The South Bulli Jetty operated until 1952. The light to aid shipping was decommissioned on 1 March 1954. The jetty partially collapsed in 1955 and was demolished in 1970.

== Geography ==
=== Climate ===
Bellambi experiences a humid subtropical climate bordering on an oceanic climate (Köppen: Cfa/Cfb) with very warm, wetter summers and mild, drier winters. The wettest recorded day was 18 August 1988 with 240.0 mm of rainfall. Extreme temperatures ranged from 43.7 C on 1 January 2006 to 4.1 C on 17 July 2007.

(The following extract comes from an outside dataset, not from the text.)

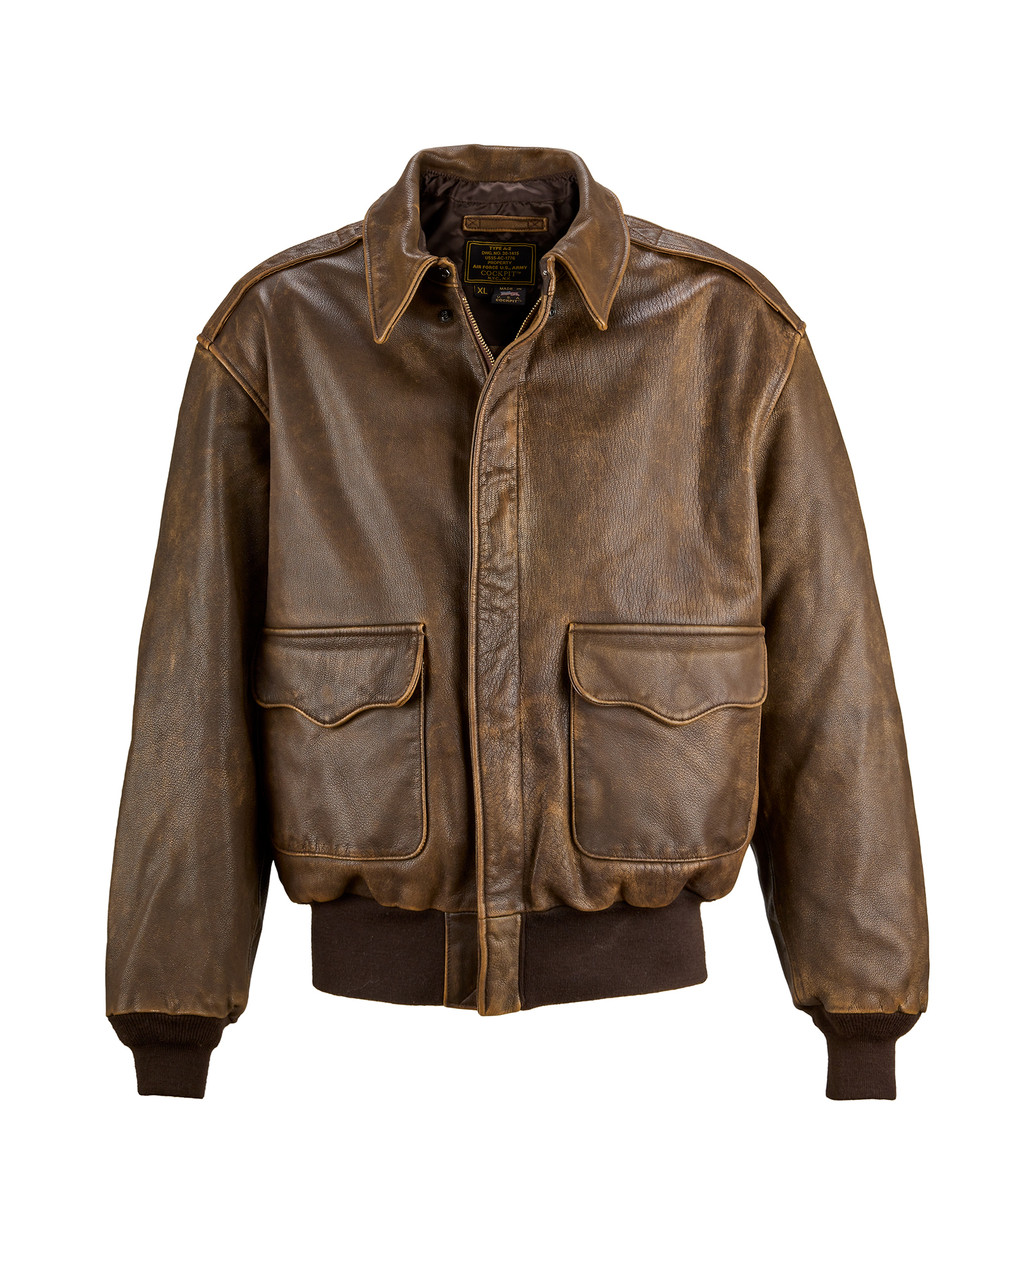 A2 Leather Jacket Men\'s Mustang Flight

Climate data for Bellambi (34°22′S 150°56′E﻿ / ﻿34.37°S 150.93°E) (10 m (33 ft) AMSL) (1988-2025)
| Month | Jan | Feb | Mar | Apr | May | Jun | Jul | Aug | Sep | Oct | Nov | Dec | Year |
| Record high °C (°F) | 43.7 (110.7) | 39.5 (103.1) | 38.4 (101.1) | 32.2 (90.0) | 28.0 (82.4) | 24.4 (75.9) | 26.8 (80.2) | 30.2 (86.4) | 33.9 (93.0) | 37.7 (99.9) | 39.8 (103.6) | 38.3 (100.9) | 43.7 (110.7) |
| Mean daily maximum °C (°F) | 25.0 (77.0) | 24.9 (76.8) | 24.1 (75.4) | 22.4 (72.3) | 19.9 (67.8) | 17.7 (63.9) | 17.2 (63.0) | 18.2 (64.8) | 20.3 (68.5) | 21.7 (71.1) | 22.4 (72.3) | 24.0 (75.2) | 21.5 (70.7) |
| Mean daily minimum °C (°F) | 19.2 (66.6) | 19.2 (66.6) | 18.2 (64.8) | 15.7 (60.3) | 13.1 (55.6) | 11.1 (52.0) | 10.2 (50.4) | 10.7 (51.3) | 12.5 (54.5) | 14.1 (57.4) | 15.8 (60.4) | 17.5 (63.5) | 14.8 (58.6) |
| Record low °C (°F) | 12.8 (55.0) | 13.1 (55.6) | 10.9 (51.6) | 9.0 (48.2) | 6.0 (42.8) | 5.4 (41.7) | 4.1 (39.4) | 5.3 (41.5) | 6.2 (43.2) | 6.1 (43.0) | 8.9 (48.0) | 10.8 (51.4) | 4.1 (39.4) |
| Average precipitation mm (inches) | 86.7 (3.41) | 150.5 (5.93) | 123.5 (4.86) | 103.5 (4.07) | 85.0 (3.35) | 111.0 (4.37) | 87.1 (3.43) | 88.5 (3.48) | 62.5 (2.46) | 78.1 (3.07) | 100.6 (3.96) | 75.6 (2.98) | 1,146.2 (45.13) |
| Average precipitation days (≥ 0.2 mm) | 12.7 | 13.6 | 13.8 | 10.3 | 9.1 | 10.1 | 8.7 | 8.0 | 9.0 | 11.2 | 12.1 | 11.9 | 130.5 |
| Average afternoon relative humidity (%) | 72 | 74 | 70 | 67 | 61 | 59 | 56 | 54 | 61 | 64 | 70 | 69 | 65 |
| Average dew point °C (°F) | 17.4 (63.3) | 18.2 (64.8) | 16.6 (61.9) | 13.9 (57.0) | 10.3 (50.5) | 7.8 (46.0) | 6.3 (43.3) | 6.4 (43.5) | 9.5 (49.1) | 11.2 (52.2) | 14.0 (57.2) | 15.6 (60.1) | 12.3 (54.1) |
Source: Bureau of Meteorology (1988-2025)

==Population==
According to the of Population, there were 4,039 people in Bellambi.
- Aboriginal and Torres Strait Islander people made up 8.1% of the population.
- 73.1% of people were born in Australia. The next most common country of birth was England at 4.0%.
- 80.9% of people only spoke English at home.
- The most common responses for religion were No Religion 41.2%, Catholic 19.5% and Anglican 12.8%.